PYSPARK_SUBMIT_ARGS="--master <master> <args> --py-files <> $AOA_SPARK_CONF

The master and args come from the same location as main AOA automation uses, i.e., the model.json -> resources -> training

As you can see, the AOA_SPARK_CONF environment variable is appended to the end of the PYSPARK_SUBMIT_ARGS which means you can override any other the other values that go before it. You can specify any spark configuration option you want here and it will be passed to spark.

As an example, if you are using conda pack with pyspark to ensure that python libraries you use on the driver node are available all over the cluster automatically with the job, you can add this information to the AOA_SPARK_CONF to automatically do this for you when running it via the cli. These can be added to the users bash profile to ensure they don’t need to manually do this every time in a standard data science environment or even on their own laptops.

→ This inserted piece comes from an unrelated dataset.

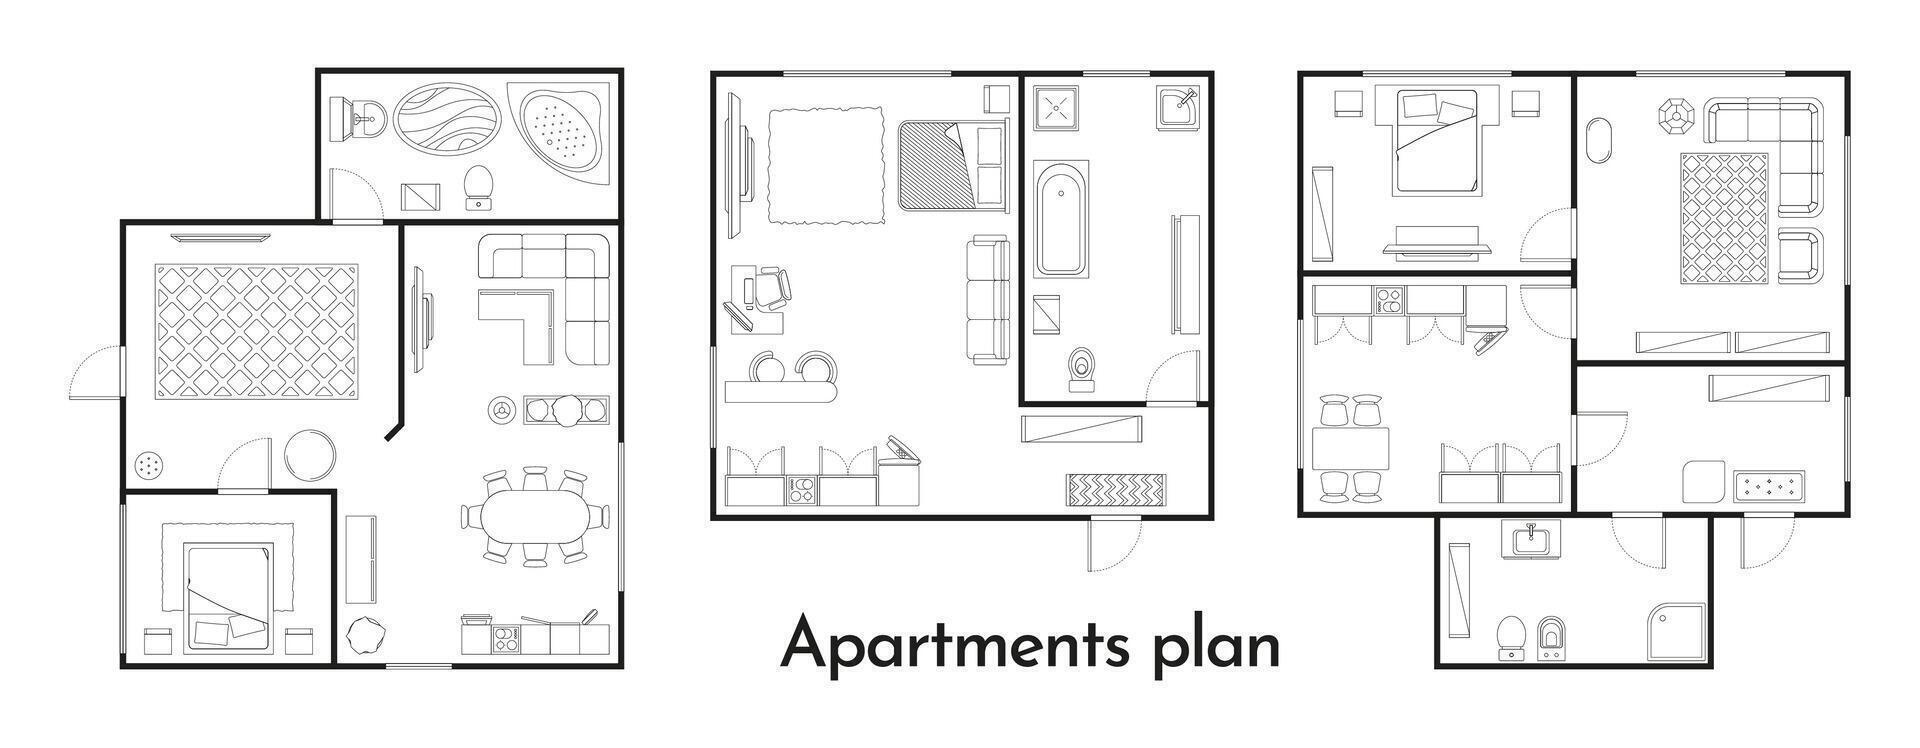 Apartment plan. Room floor plan with furniture and window, home, office and bedroom layout. Vector apartment building floor plan
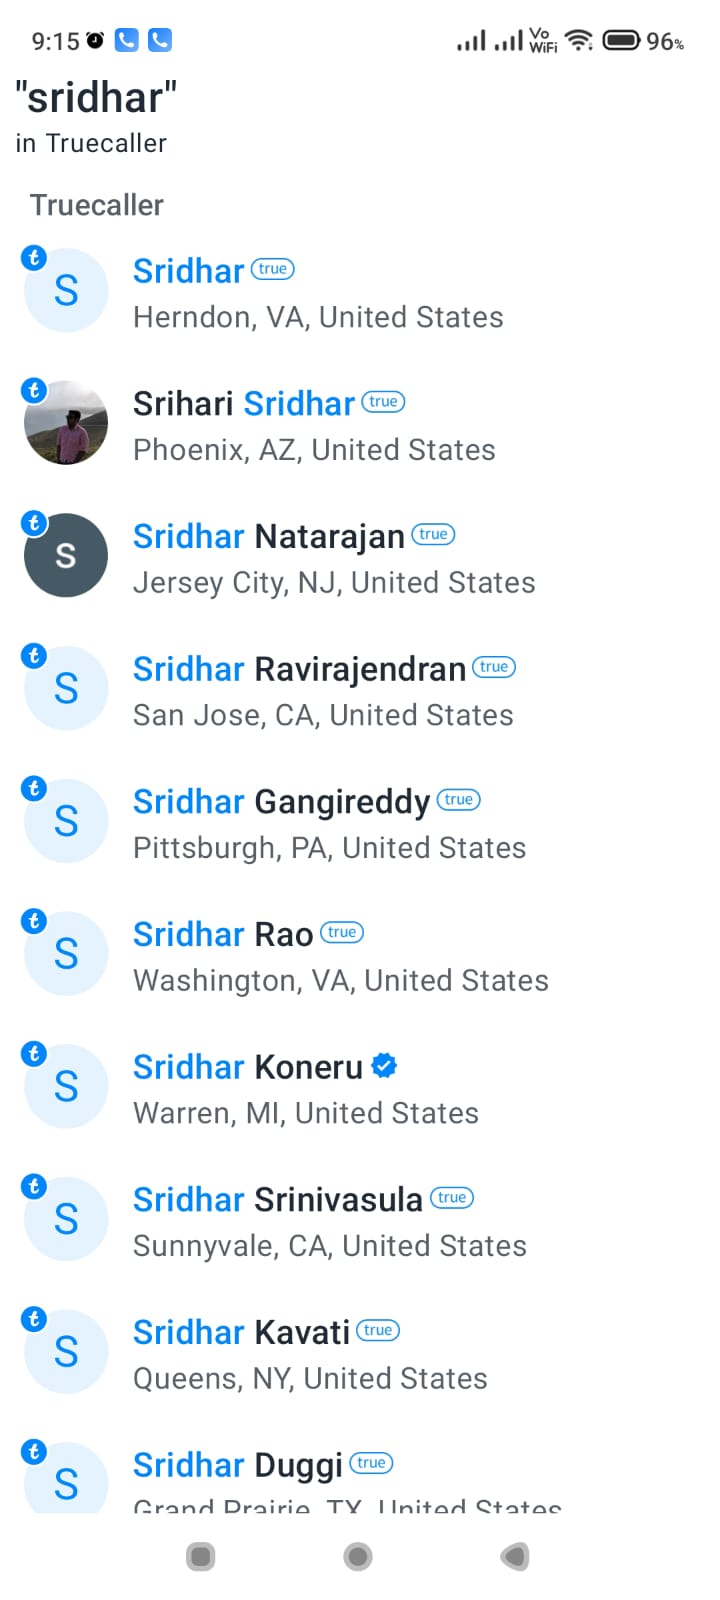 How to do Truecaller Search in 2 Different Ways

AOA_SPARK_CONF="--conf spark.pyspark.driver.python=python --conf spark.pyspark.python=./environment/bin/python --archives conda-env.tar.gz#environment"

Client API

We have a client implementation for all entities exposed in the AOA API. We provide the RESTful and RPC client usage for this. We’ll show an example of the Dataset API here, but the same applies for all.

By default, creating an instance of the AoaClient() will use the users aoa configuration stored in ~/.aoa/config.yaml. You can override these values by passing the relevant constructor arguments or even with env variables.

from aoa import AoaClient
from aoa import DatasetApi

client = AoaClient()

dataset_api = DatasetApi(aoa_client=client)

Now, find all datasets or a specific dataset

import pprint

datasets = dataset_api.find_all()

dataset = dataset_api.find_by_id("11e1df4b-b630-47a1-ab80-7ad5385fcd8c")

Add a dataset

dataset_definition = {
    "name": "my dataset",
    "description": "adding sample dataset",
    "metadata": {
        "url": "",
        "test_split": "0.2"

dataset =


If you are using kerberos, you will need to install some libraries separately. We do not include this as a default dependency as it has a large dependency stack and is not trivial to install. It can be annoying for non Kerberos installations, so we leave it to the specific environment. Note that on OSX, you should use version 1.1.14 of pykerberos. For your linux env, it may vary.

First install the libraries with:

sudo apt update && sudo apt install -y krb5-multidev

Then install or reinstall the package with the option kerberos:

pip install --force-reinstall --upgrade aoa[kerberos]

NOTE: some other libraries may be required in the host OS in order for kerberos to be fully functional.